Brief: Omit the pictures. Transcribe exactly the lines below, from the one with "Sales Price Dr" up to and including the last.

** Information provided follows **

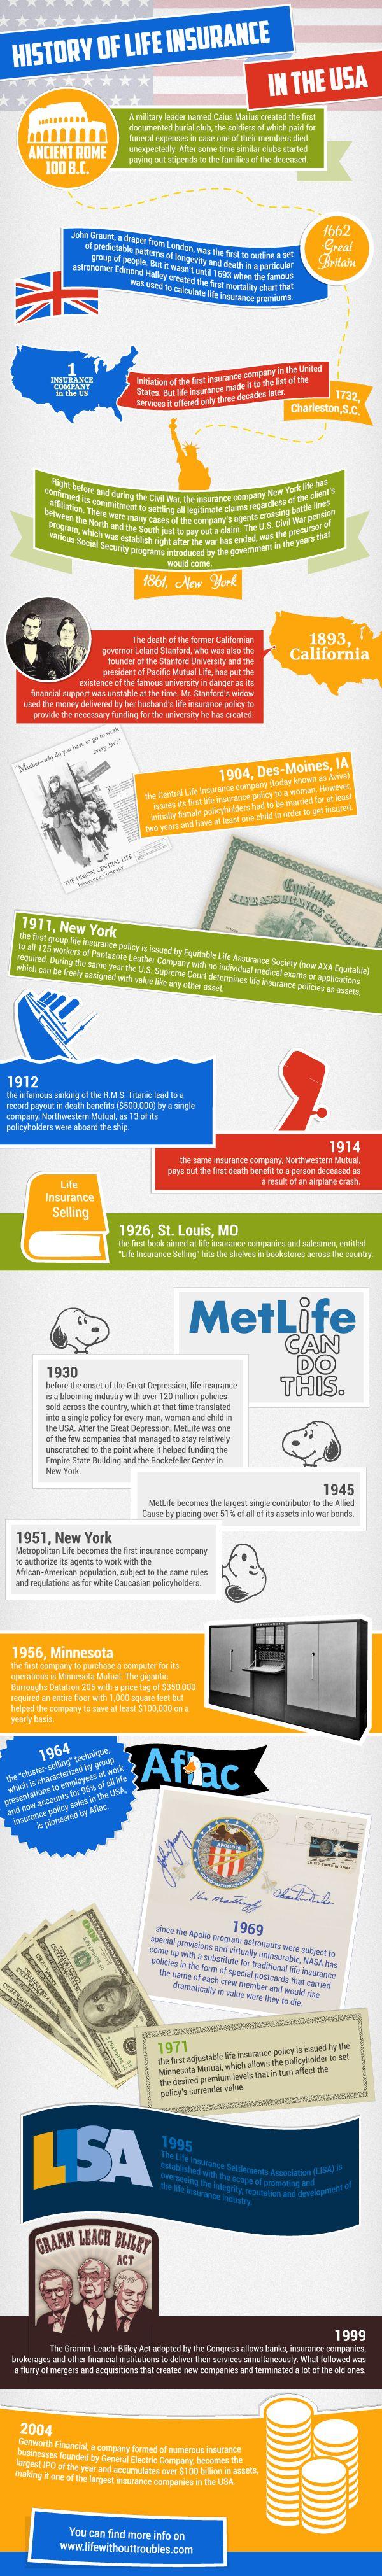 History of Life Insurance
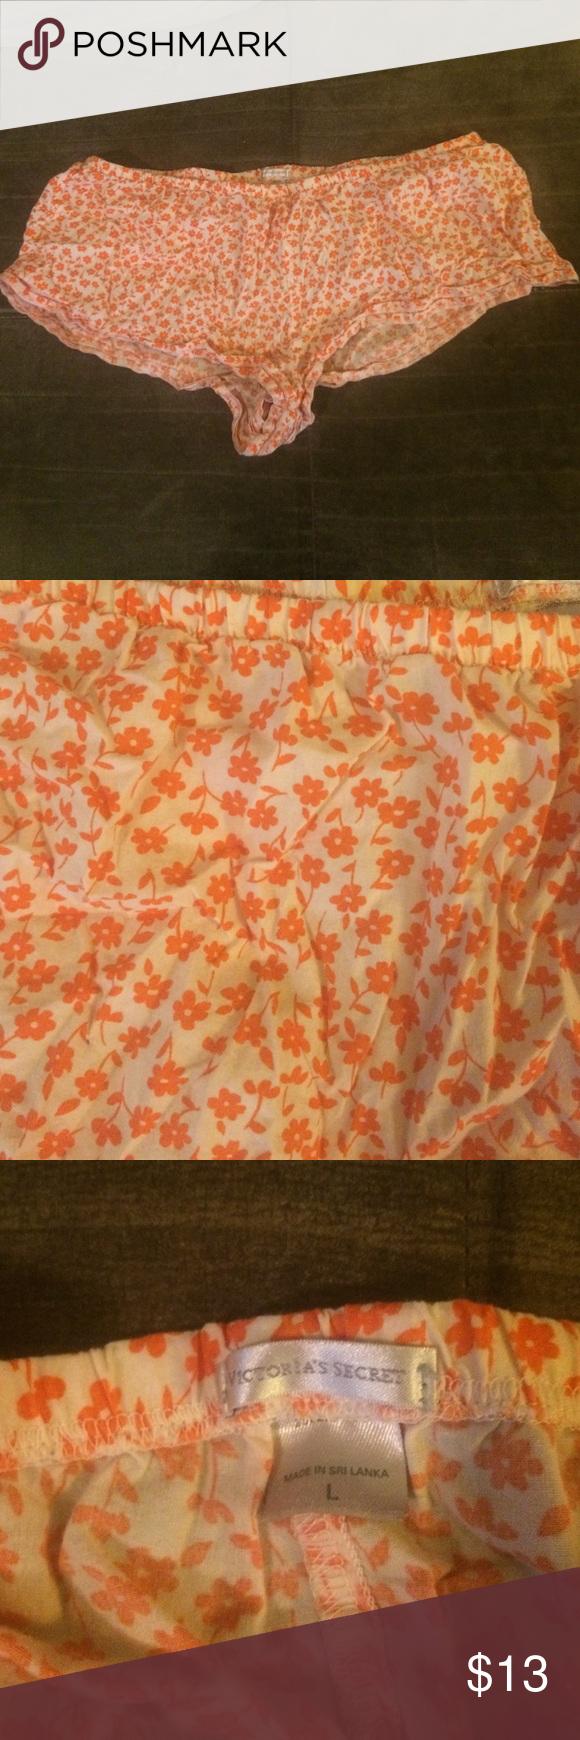 Victoria's Secret short cotton sleep shorts White with orange flowers, gently worn Victoria's Secret Intimates & Sleepwear Pajamas
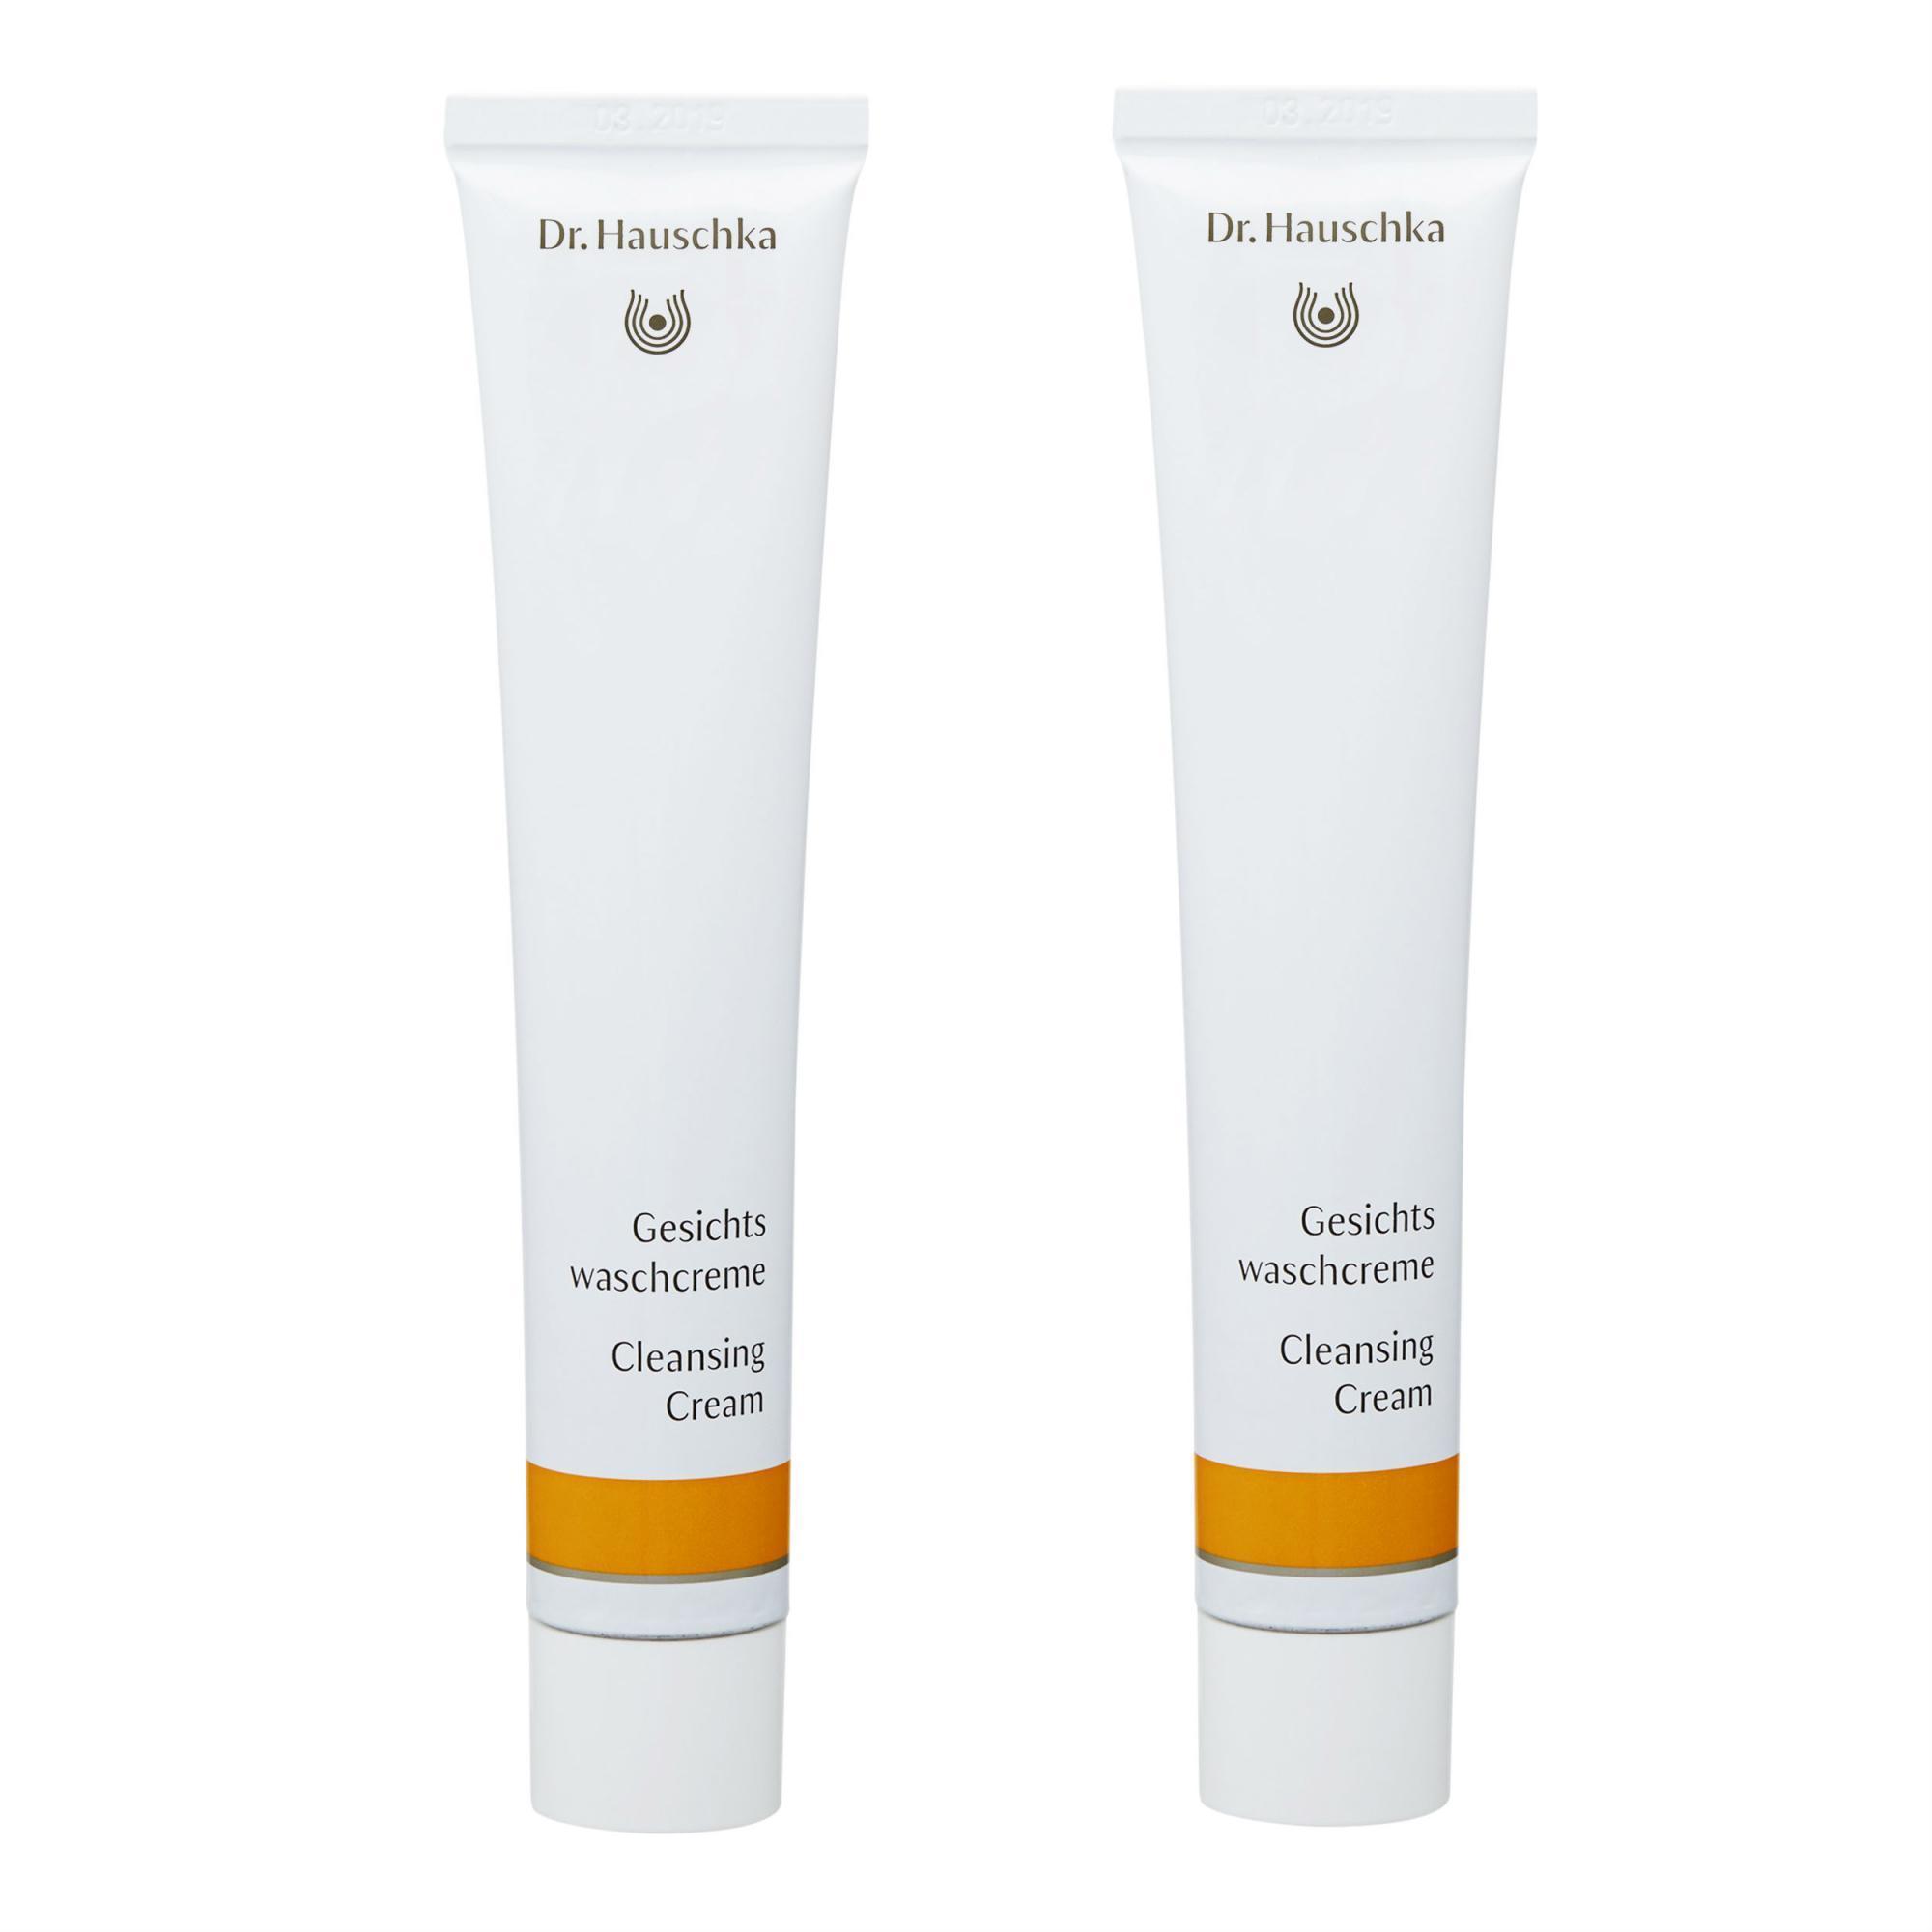 Sales Price Dr Hauschka Cleansing Cream 50Ml 1 7Oz X 2 Intl
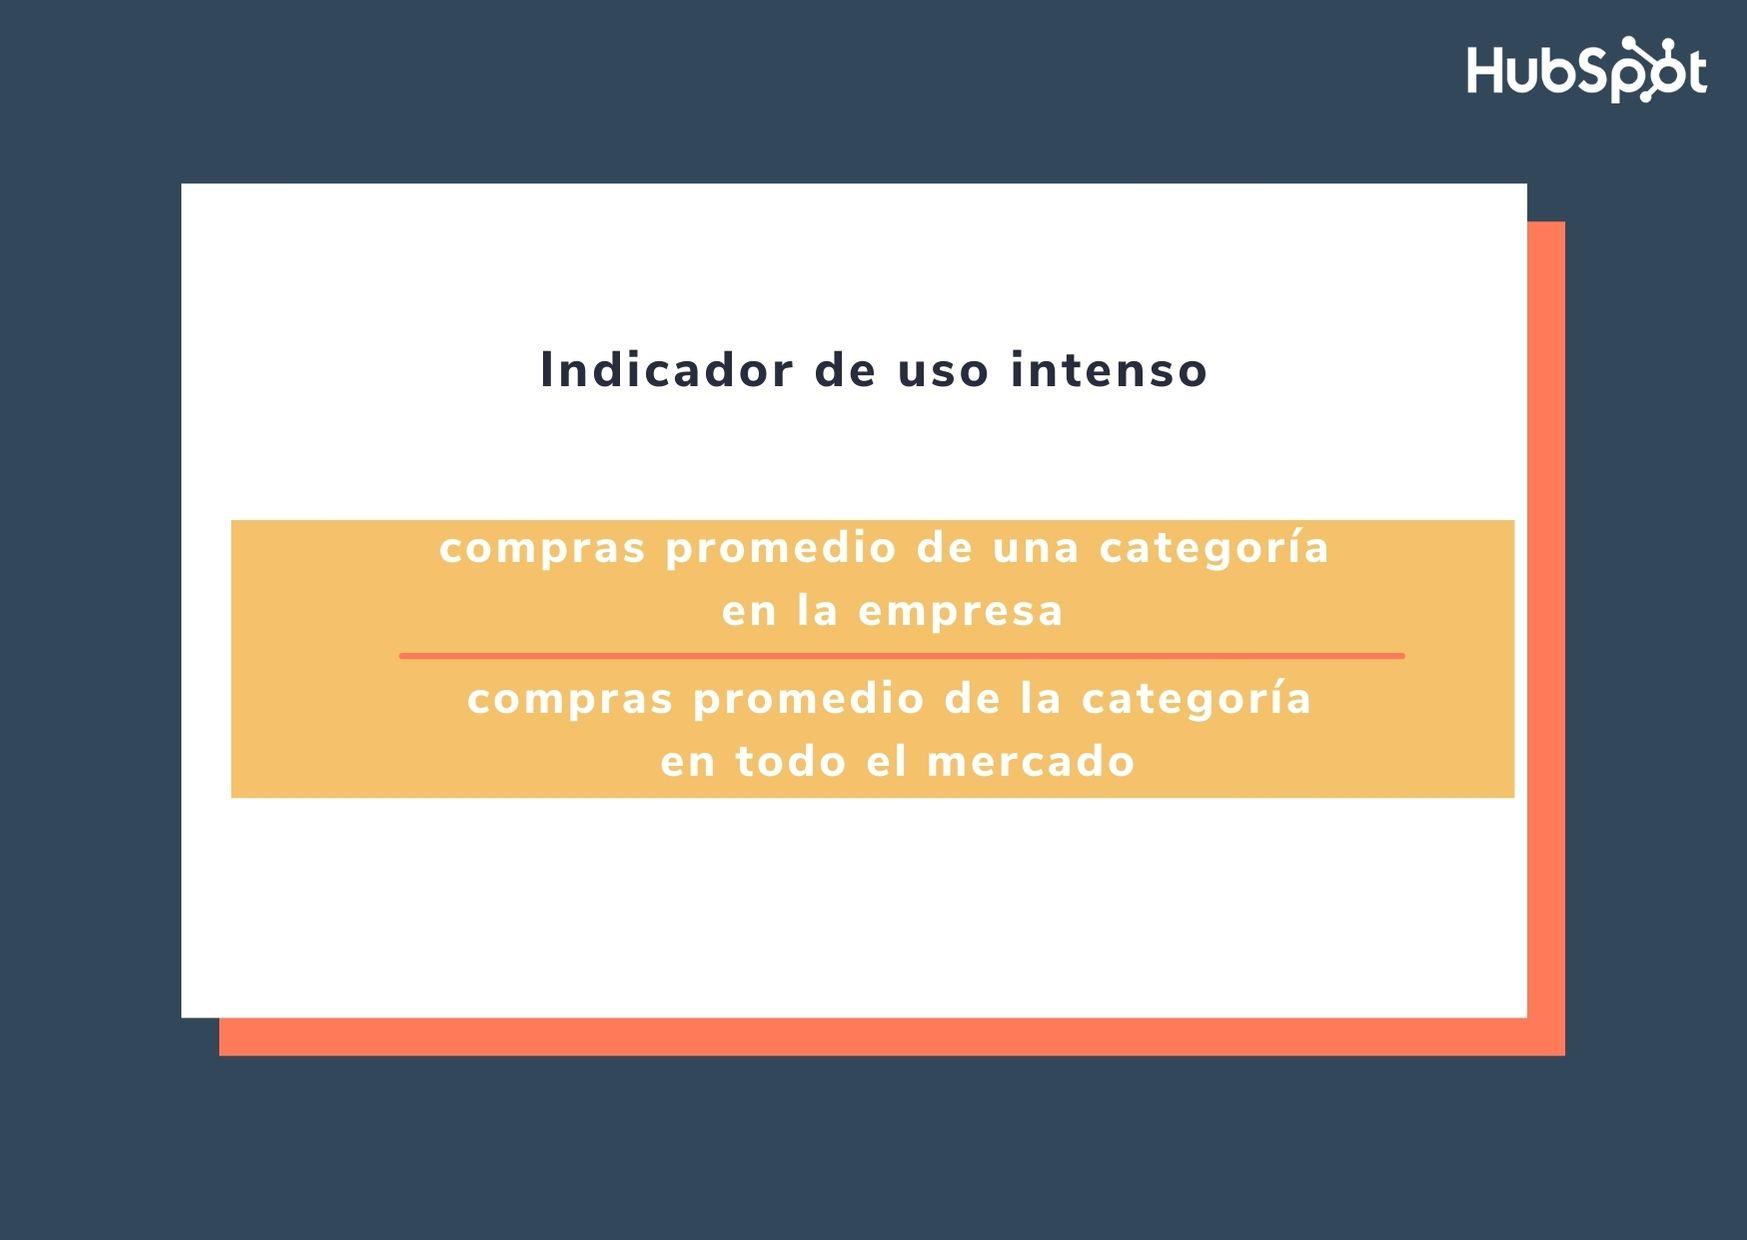 Fórmula para calcular el indicador de uso intenso para market share

** End of Information provided **

Exercise output:
 Sales Price Dr Hauschka Cleansing Cream 50Ml 1 7Oz X 2 Intl
 Fórmula para calcular el indicador de uso intenso para market share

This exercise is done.